Thursday, July 18, 2024

Adopting a creed or a liturgy as fad. . .

Apparently four Southern Baptist theologians and pastors have decided enough is enough and are asking messengers to this year’s Southern Baptist Convention annual meeting to adopt the Nicene Creed as part of the denomination’s official faith statement.  Baptists, however, have prided themselves on being “not a creedal people.” A historic declaration taught in Baptist seminaries for centuries is that Baptists “have no creed but the Bible.”  Their rationale?
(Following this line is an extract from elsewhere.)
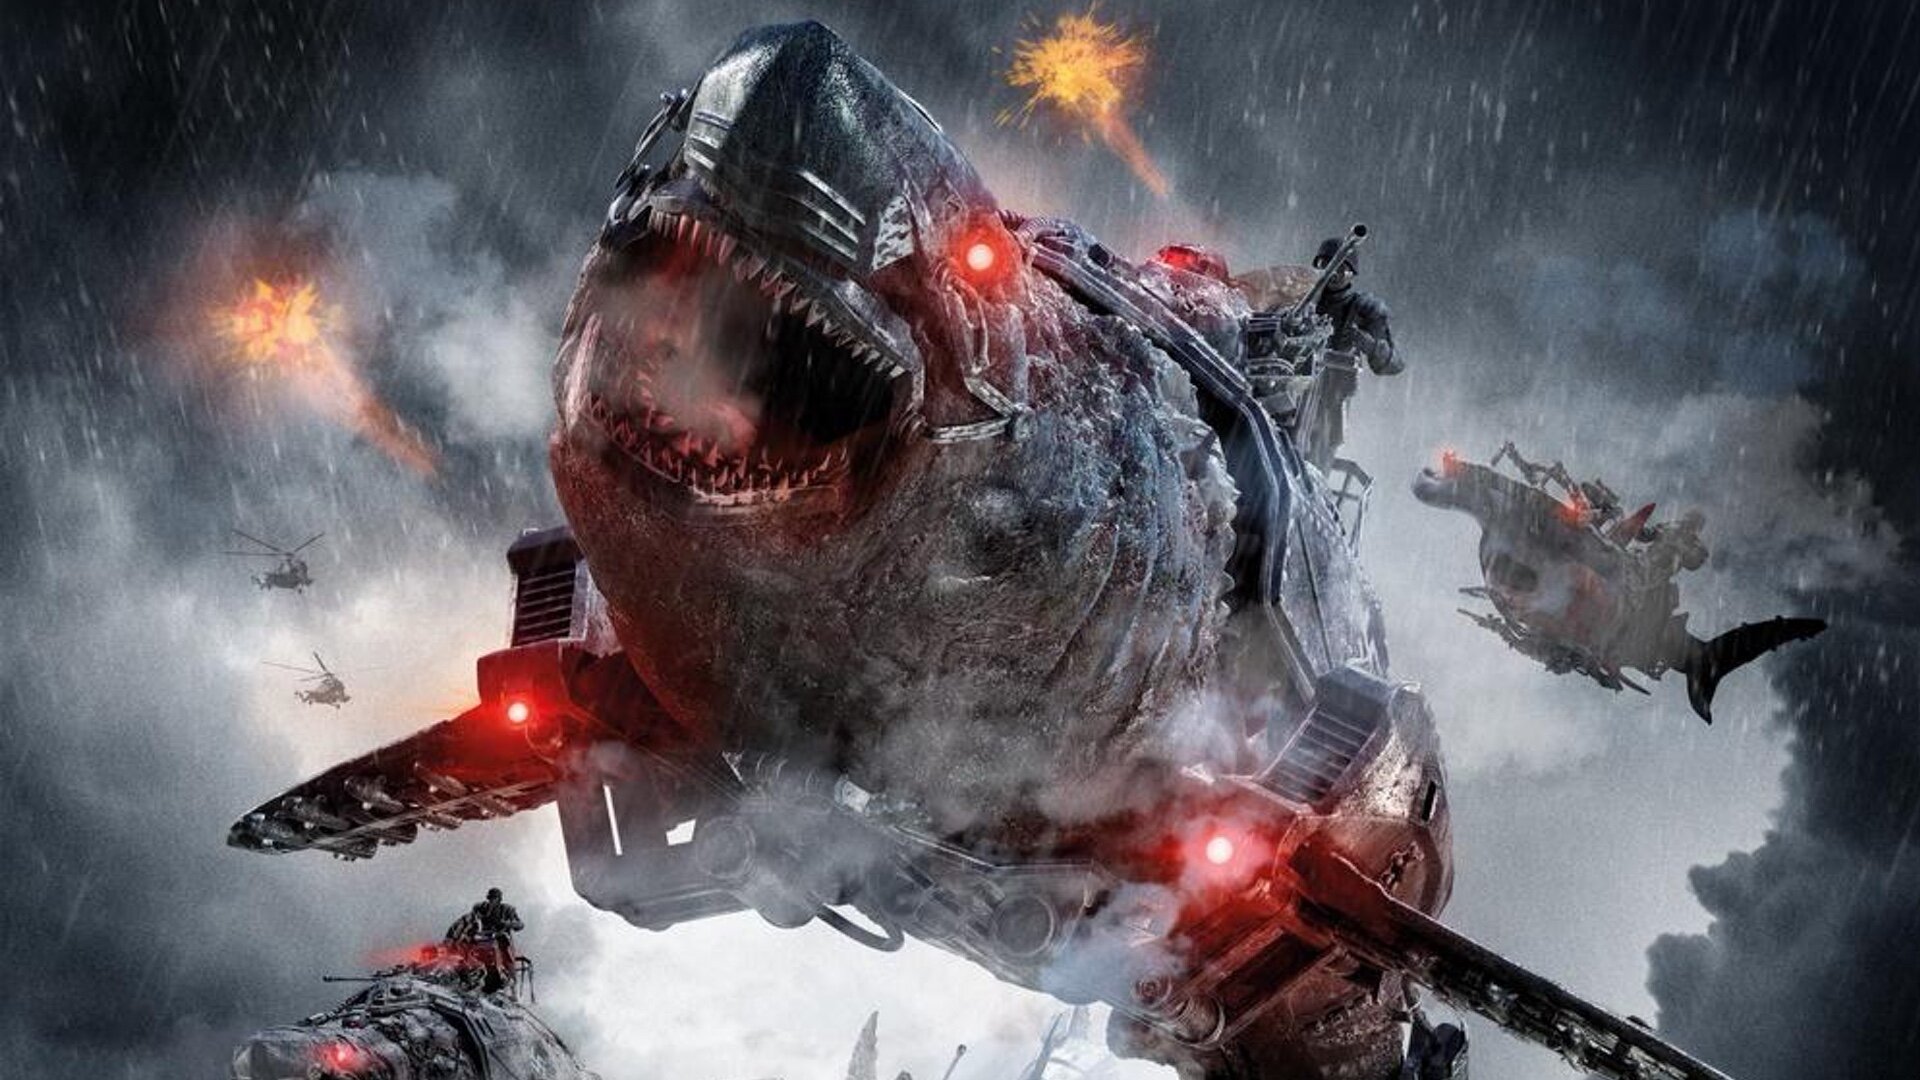 Radically Ridiculous Trailer for the Over the Top Action Film SKY SHARKS — GeekTyrant

  • “The Nicene Creed authoritatively articulates the primary doctrines of the Christian faith from the Christian Scriptures.”
  • “For nearly two millennia Christians have universally used the Creed for both teaching and worship.”
  • “The Creed is a robust and indisputable summary of orthodox Christian belief in the two most central and indispensable dogmas of the universal Christian faith: God the Trinity and the Lord Jesus Christ.”

The things that is missing is their intention to be fully orthodox, catholic, and apostolic in doctrine and faith.  Sure, it would be a good thing for the Baptists to adopt the Nicene Creed if they meant what it says but this creed does not stand in isolation from the liturgical and catechetical life of the Church from her earliest days.  To embrace the Nicene Creed but stand outside this liturgical and catechetical tradition is to adopt an idea which is still a stranger to worship and life.  That is not good.
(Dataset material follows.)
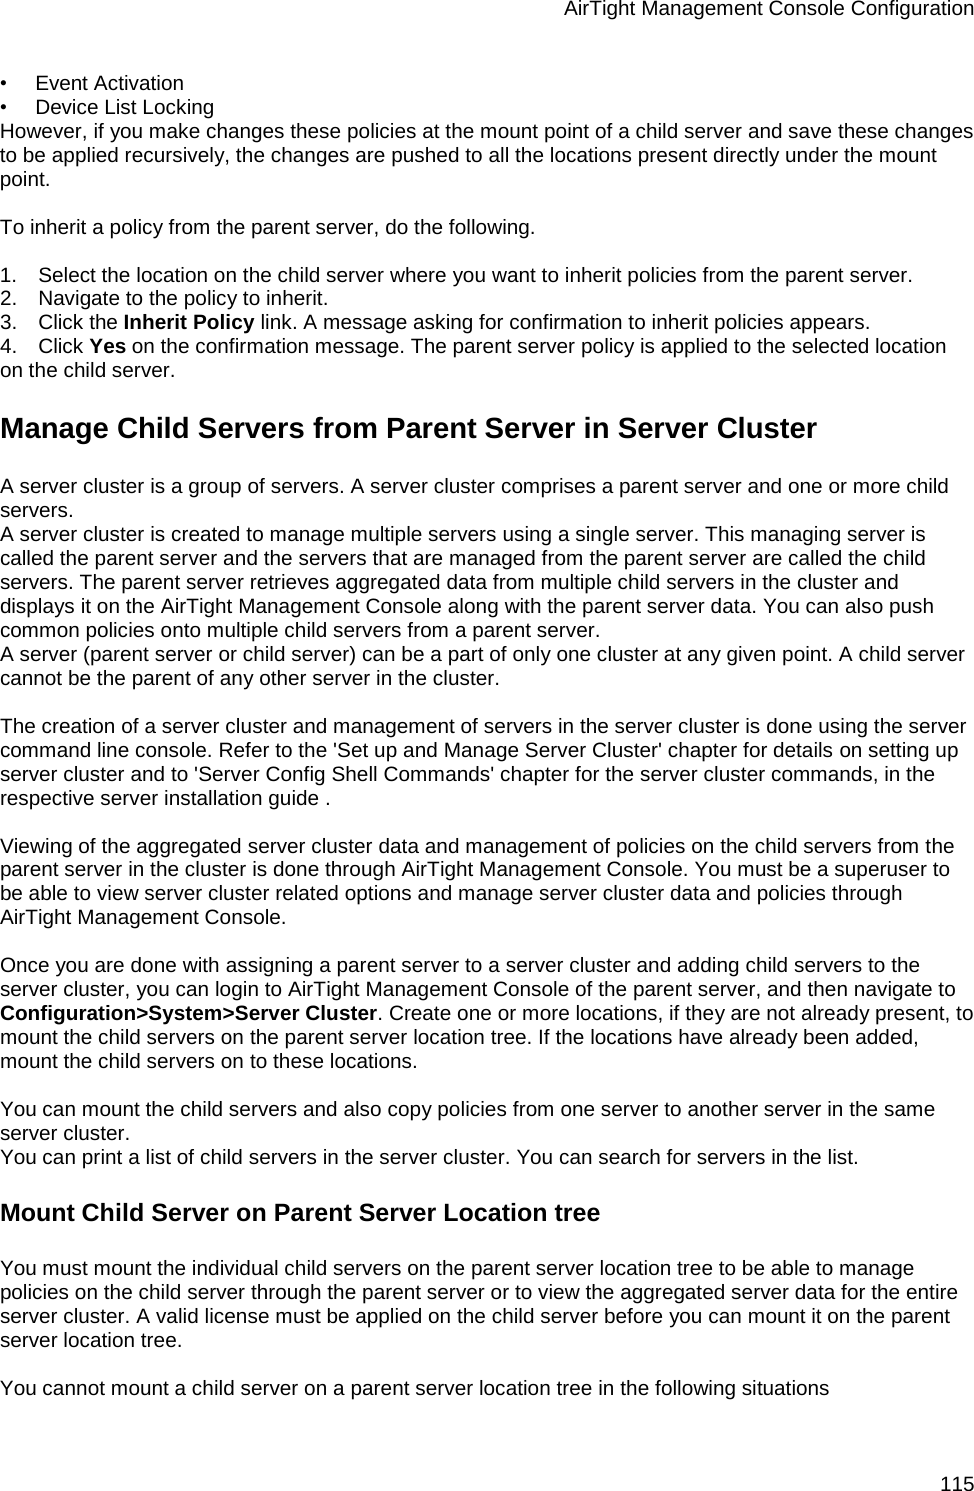 AirTight Management Console Configuration 115 •        Event Activation •        Device List Locking However, if you make changes these policies at the mount point of a child server and save these changes to be applied recursively, the changes are pushed to all the locations present directly under the mount point.   To inherit a policy from the parent server, do the following.   1.      Select the location on the child server where you want to inherit policies from the parent server. 2.      Navigate to the policy to inherit. 3.      Click the Inherit Policy link. A message asking for confirmation to inherit policies appears. 4.      Click Yes on the confirmation message. The parent server policy is applied to the selected location on the child server. Manage Child Servers from Parent Server in Server Cluster A server cluster is a group of servers. A server cluster comprises a parent server and one or more child servers. A server cluster is created to manage multiple servers using a single server. This managing server is called the parent server and the servers that are managed from the parent server are called the child servers. The parent server retrieves aggregated data from multiple child servers in the cluster and displays it on the AirTight Management Console along with the parent server data. You can also push common policies onto multiple child servers from a parent server. A server (parent server or child server) can be a part of only one cluster at any given point. A child server cannot be the parent of any other server in the cluster.   The creation of a server cluster and management of servers in the server cluster is done using the server command line console. Refer to the &apos;Set up and Manage Server Cluster&apos; chapter for details on setting up server cluster and to &apos;Server Config Shell Commands&apos; chapter for the server cluster commands, in the respective server installation guide .   Viewing of the aggregated server cluster data and management of policies on the child servers from the parent server in the cluster is done through AirTight Management Console. You must be a superuser to be able to view server cluster related options and manage server cluster data and policies through AirTight Management Console.   Once you are done with assigning a parent server to a server cluster and adding child servers to the server cluster, you can login to AirTight Management Console of the parent server, and then navigate to Configuration&gt;System&gt;Server Cluster. Create one or more locations, if they are not already present, to mount the child servers on the parent server location tree. If the locations have already been added, mount the child servers on to these locations.   You can mount the child servers and also copy policies from one server to another server in the same server cluster. You can print a list of child servers in the server cluster. You can search for servers in the list. Mount Child Server on Parent Server Location tree You must mount the individual child servers on the parent server location tree to be able to manage policies on the child server through the parent server or to view the aggregated server data for the entire server cluster. A valid license must be applied on the child server before you can mount it on the parent server location tree.   You cannot mount a child server on a parent server location tree in the following situations

A few years ago there was a move on the part of non-liturgical churches to adopt liturgical forms because they felt like people were interested in them and they were interested in those people.  It sounds noble and good but it is no different than Baptists and the Nicene Creed.  The form or symbol does not stand alone outside its liturgical, confessional, and catechetical tradition and life.  The churches interested in liturgical forms and creeds should also be interested in the whole package.  Without this, it is as if they are willing to put different clothes on the same bodies and welcome the stranger who is looking not for a new visual but the whole package.

I think it would be great if Baptists were so inclined to begin to reassess their low view of the Sacraments, their rejection of baptismal regeneration, their refusal to affirm the Real Presence, and their non-liturgical worship along with the acceptance of the Nicene Creed.  Without that, I do not attach as much significance to their interest in the creed as some.  For what it is worth, the Baptists still leave autonomy to the local congregation and while they might affirm the idea of a creed, it would be very hard to change the culture that has worked against Baptists being anything more than an association of folks with some important things in common.